Restate the data word for word. Leave the pictures out.

:: Input data ::
---
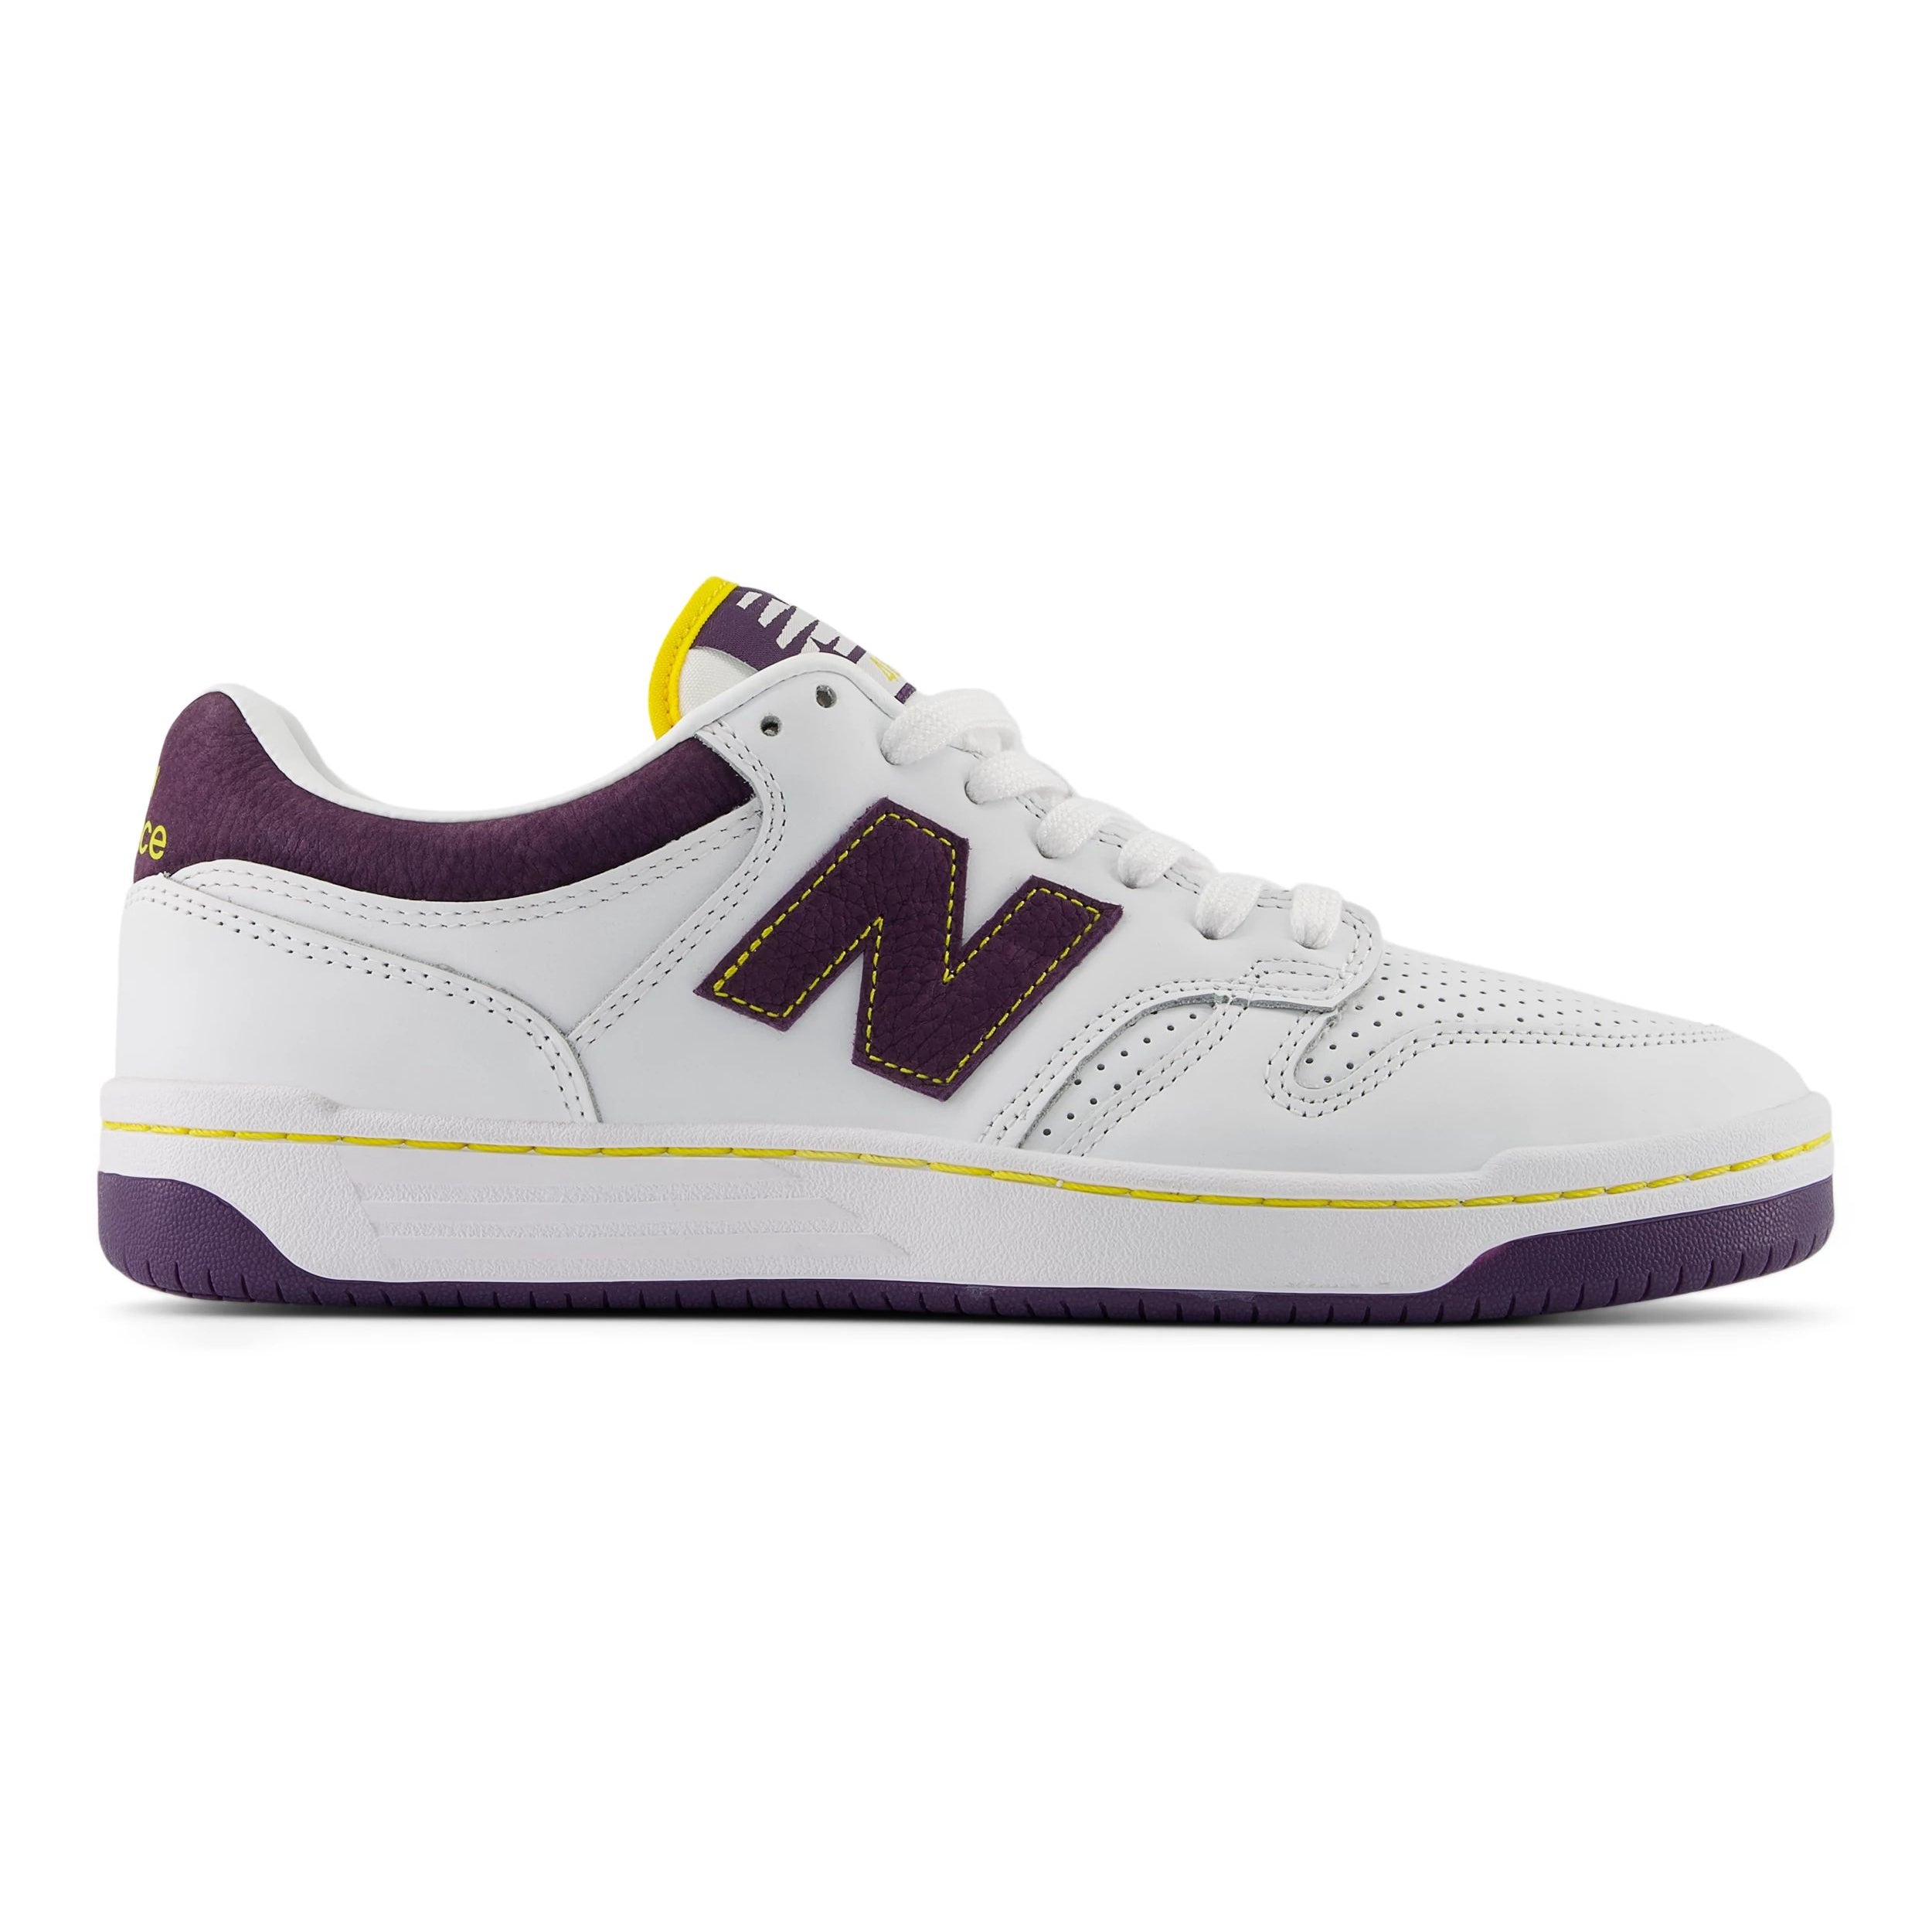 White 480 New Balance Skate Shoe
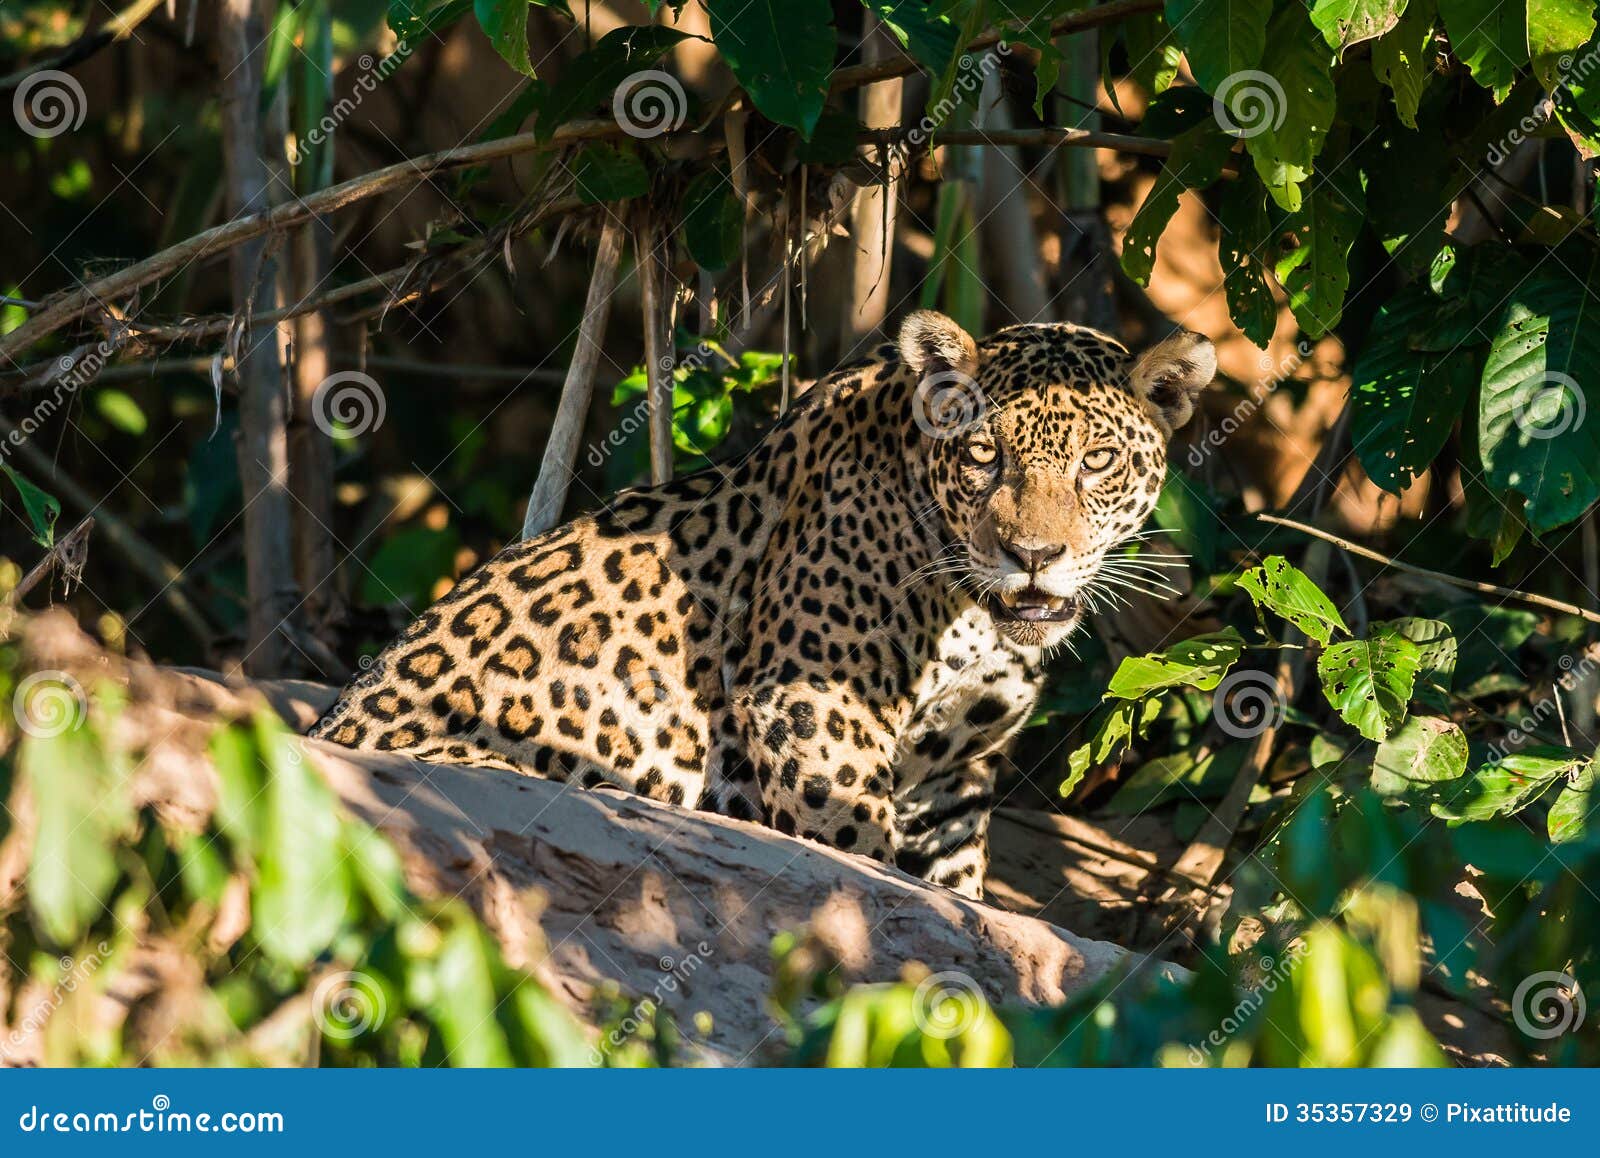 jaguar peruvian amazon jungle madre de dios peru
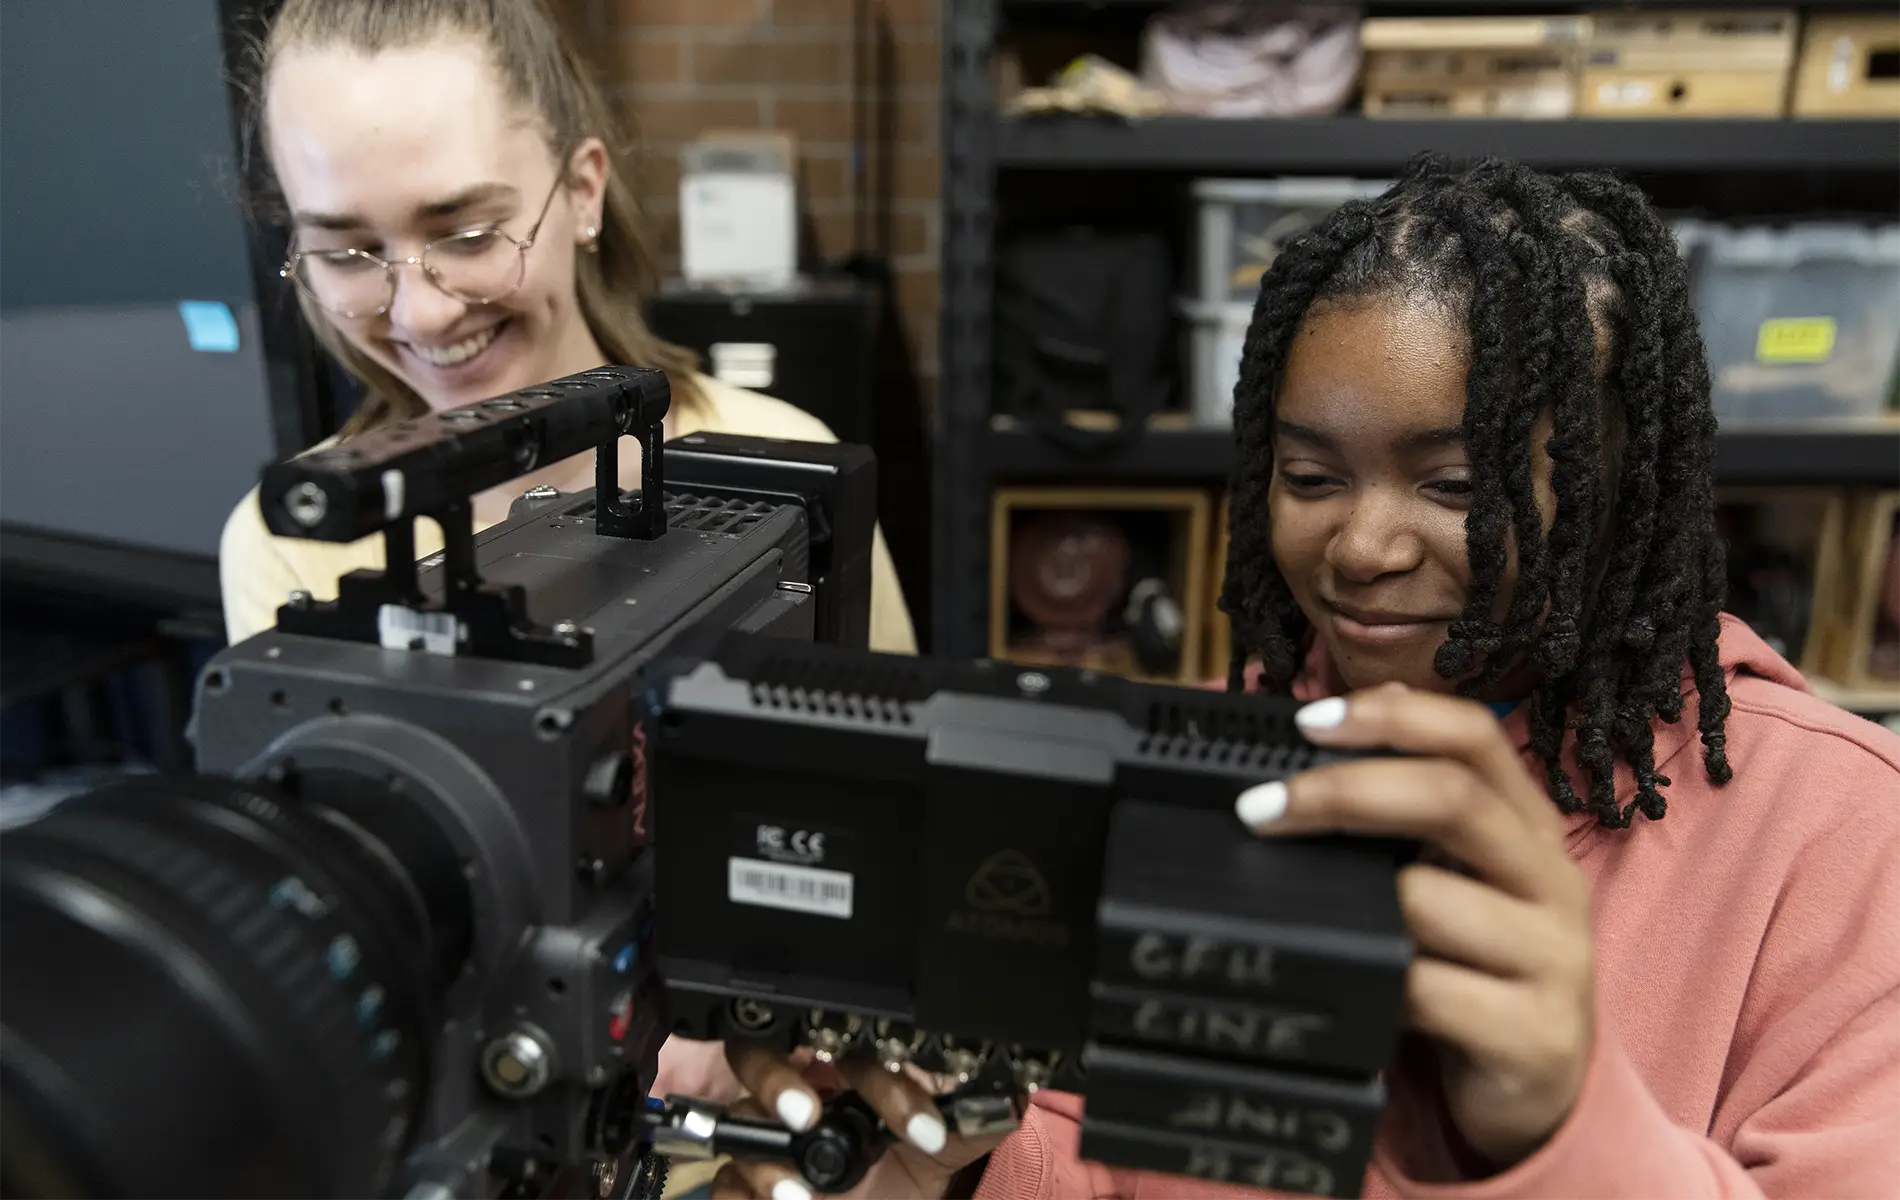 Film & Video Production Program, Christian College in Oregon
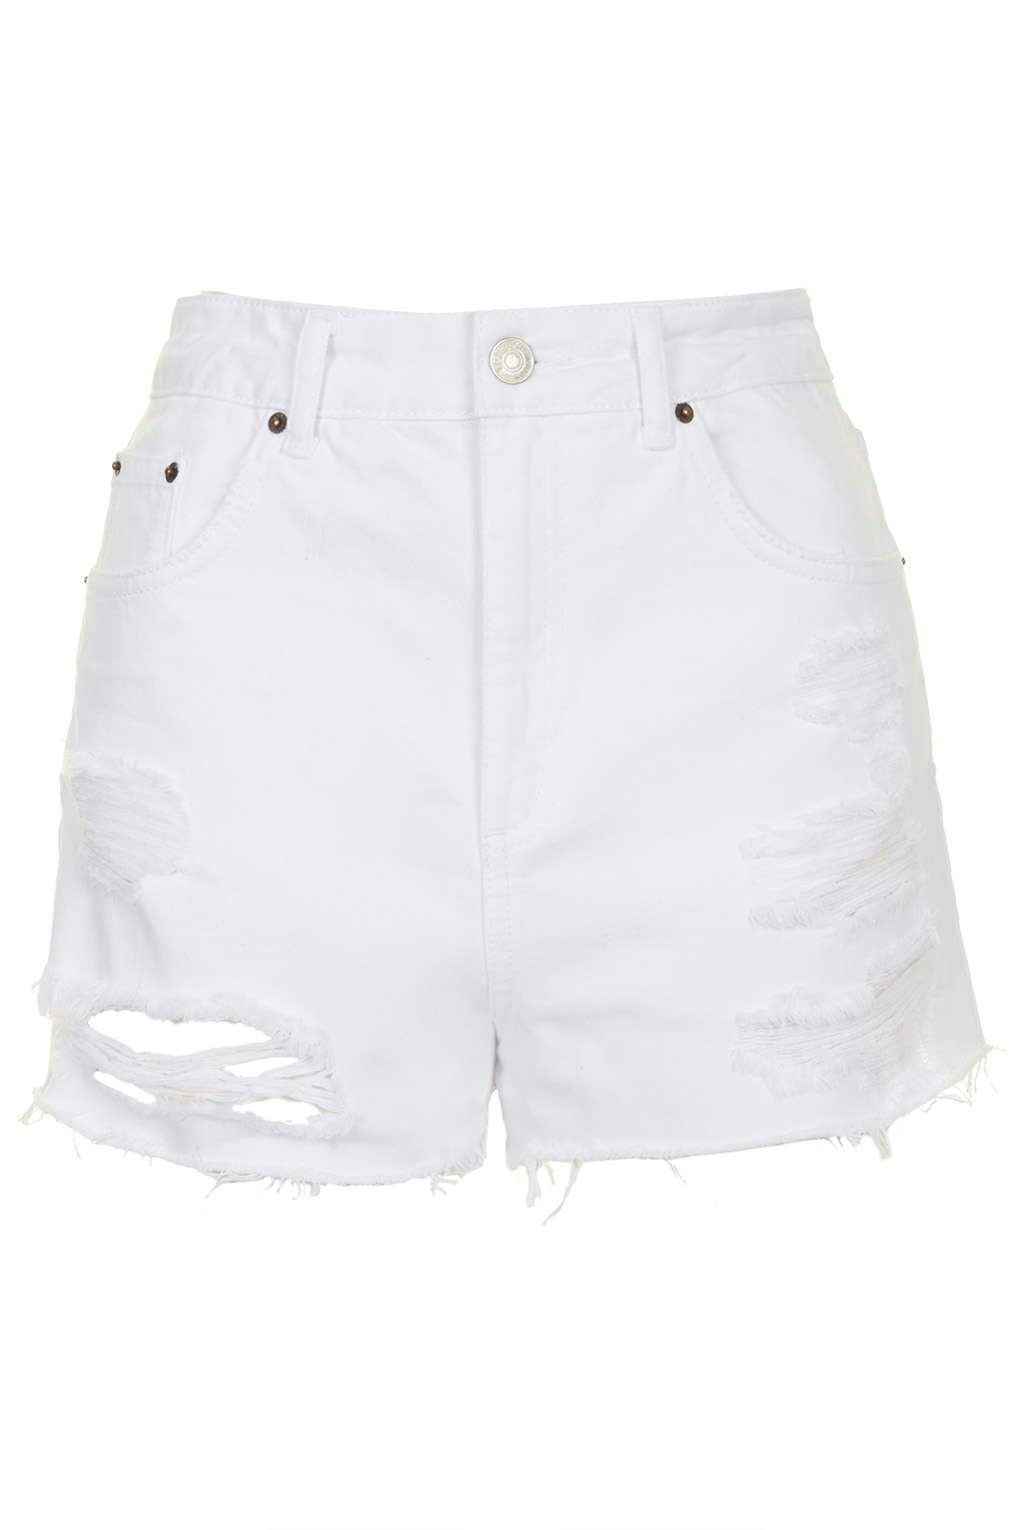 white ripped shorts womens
---
:: Response area ::
 White 480 New Balance Skate Shoe
 jaguar peruvian amazon jungle madre de dios peru
 Film & Video Production Program, Christian College in Oregon
 white ripped shorts womens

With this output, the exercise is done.